I’ll +1 the Kentucky mule. Also, to go around the rim for an old fashioned. Cut an orange peel, rub it around the rim, wring it out over the drink, then drop it in. I think that’s officially called adding “zest” or “zesting the orange.” 


Sent from my iPhone using Tapatalk


----------



## huffer33 (Jun 13, 2017)

You could also try a Sazerac but it calls for other bitters.

random capitalization courtesy of gboard


----------



## Rabidawise (Apr 23, 2018)

huffer33 said:


> You could also try a Sazerac but it calls for other bitters.
> 
> random capitalization courtesy of gboard


Oooooh, now we're getting fancy! Absinthe as well!

Sent from my iPhone using Tapatalk


----------



## Ren Huggins (Apr 26, 2019)

Rabidawise said:


> Oooooh, now we're getting fancy! Absinthe as well!
> 
> Sent from my iPhone using Tapatalk


I'm going to Savannah next week for a meeting so I think I'll be on the lookout for some. The big deal they sold me on last time I was there at a pub is that the absinthe there has you seeing the dead. 

Sent from the bottom of the rabbit hole dazed and confused using Tapatalk


----------



## ejbpesca (Mar 13, 2019)

I've had the Zazerac in N.O. in several bars and never are any just the same. I can say the latest I had right here in home town was done with a Rye whiskey and some bitters that was close to a N.O. one but bar tender apologized for not having all the stuff that goes into one. No problem...was a very good match with the three cigars I smoked in there that evening. Pachaud and Angotura may be a must and after having that with this rye...oh boy..good stuff. He was concerned he did not have absinthe to the mix but that was okay. What you have there with the whiskey is a lot of flavor and for me have to calm down to sip..it is so good.


----------



## Ren Huggins (Apr 26, 2019)

ejbpesca said:


> I've had the Zazerac in N.O. in several bars and never are any just the same. I can say the latest I had right here in home town was done with a Rye whiskey and some bitters that was close to a N.O. one but bar tender apologized for not having all the stuff that goes into one. No problem...was a very good match with the three cigars I smoked in there that evening. Pachaud and Angotura may be a must and after having that with this rye...oh boy..good stuff. He was concerned he did not have absinthe to the mix but that was okay. What you have there with the whiskey is a lot of flavor and for me have to calm down to sip..it is so good.


I didn't have time to shop for absinthe but I did have my first sazerac in Savannah and it was pretty good. I'm good for making drinks at home with partial ingredients for scientific research trying to see what my taste buds can pick up on so when somebody else makes it I can tell if something's missing.

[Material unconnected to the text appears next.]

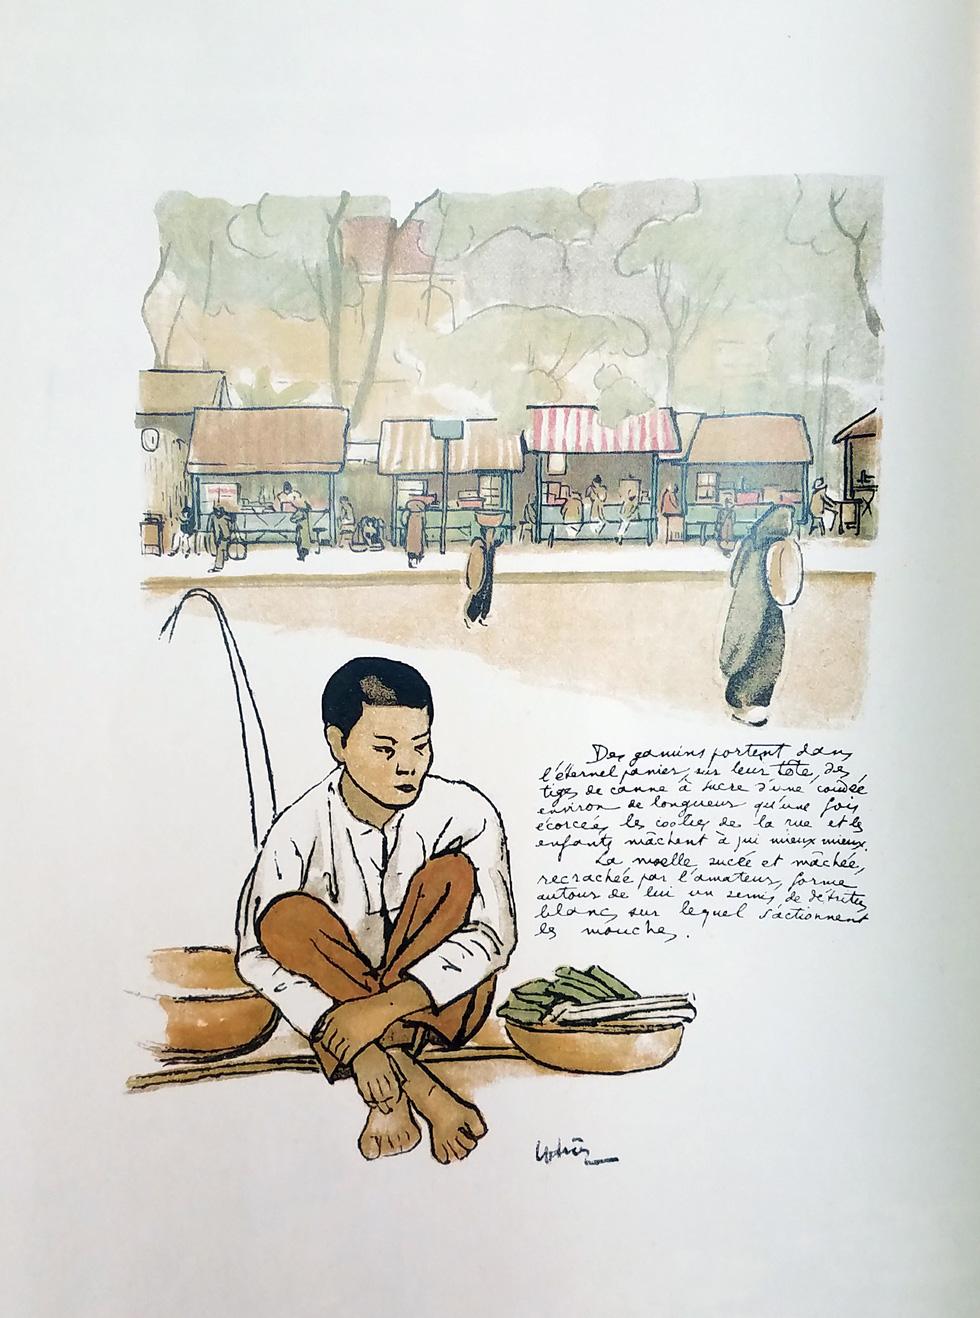 Ngắm hàng rong và nghe tiếng rao hàng trên phố Hà Nội xưa - Ảnh 11.

Sent from the bottom of the rabbit hole dazed and confused using Tapatalk


----------



## Rabidawise (Apr 23, 2018)

Just wait until you start doing things like making your own cherries!










Sent from my iPhone using Tapatalk


----------



## Ren Huggins (Apr 26, 2019)

Rabidawise said:


> Just wait until you start doing things like making your own cherries!
> 
> 
> 
> ...


Got any tips? Some chores by Woodford reserve came up in a Internet search when I was looking for Manhattan recipes and I thought that might be something worth trying.

Sent from the bottom of the rabbit hole dazed and confused using Tapatalk


----------



## Rabidawise (Apr 23, 2018)

Ren Huggins said:


> Got any tips? Some chores by Woodford reserve came up in a Internet search when I was looking for Manhattan recipes and I thought that might be something worth trying.
> 
> Sent from the bottom of the rabbit hole dazed and confused using Tapatalk


The Woodford cherries are very good! I've got a jar in the fridge. Tillen Farms make some good ones too.

There are dozens of recipes for making your own, so you would just have to sort through them. I'll give you the basics of mine though.

Stem and pit your cherries. I used Rainier, but Bing work too, they're just sweeter. Bring a bottle of tart cherry juice to a simmer and add 3 cups of sugar. Added flavors are up to you (vanilla, lemon, bitters, cinnamon, etc). Reduce syrup, add cherries and simmer for 10-12 minutes. Follow normal canning procedures! They need about a month before they're ready to use.


----------



## zcziggy (Apr 11, 2019)

Ren Huggins said:


> Got any tips? Some chores by Woodford reserve came up in a Internet search when I was looking for Manhattan recipes and I thought that might be something worth trying.
> 
> Sent from the bottom of the rabbit hole dazed and confused using Tapatalk


Great...been a puff member for two months....i am on cigars, pipe, coffee, bourbon, smoking meats and now....making my own cherries :grin2:


----------



## Ren Huggins (Apr 26, 2019)

Thanks @Rabidawise! I'll be prepping for this adventure sooner than later since I won't be doing pear preserves this year.
@zcziggy I think you've gotten really deeper in this rabbit hole than I thought! 

Sent from the bottom of the rabbit hole dazed and confused using Tapatalk


----------



## zcziggy (Apr 11, 2019)

Ren Huggins said:


> Thanks @Rabidawise! I'll be prepping for this adventure sooner than later since I won't be doing pear preserves this year.
> @zcziggy I think you've gotten really deeper in this rabbit hole than I thought!
> 
> Sent from the bottom of the rabbit hole dazed and confused using Tapatalk


even the dog looks crooked at me like saying..."you of puff AGAIN??"


----------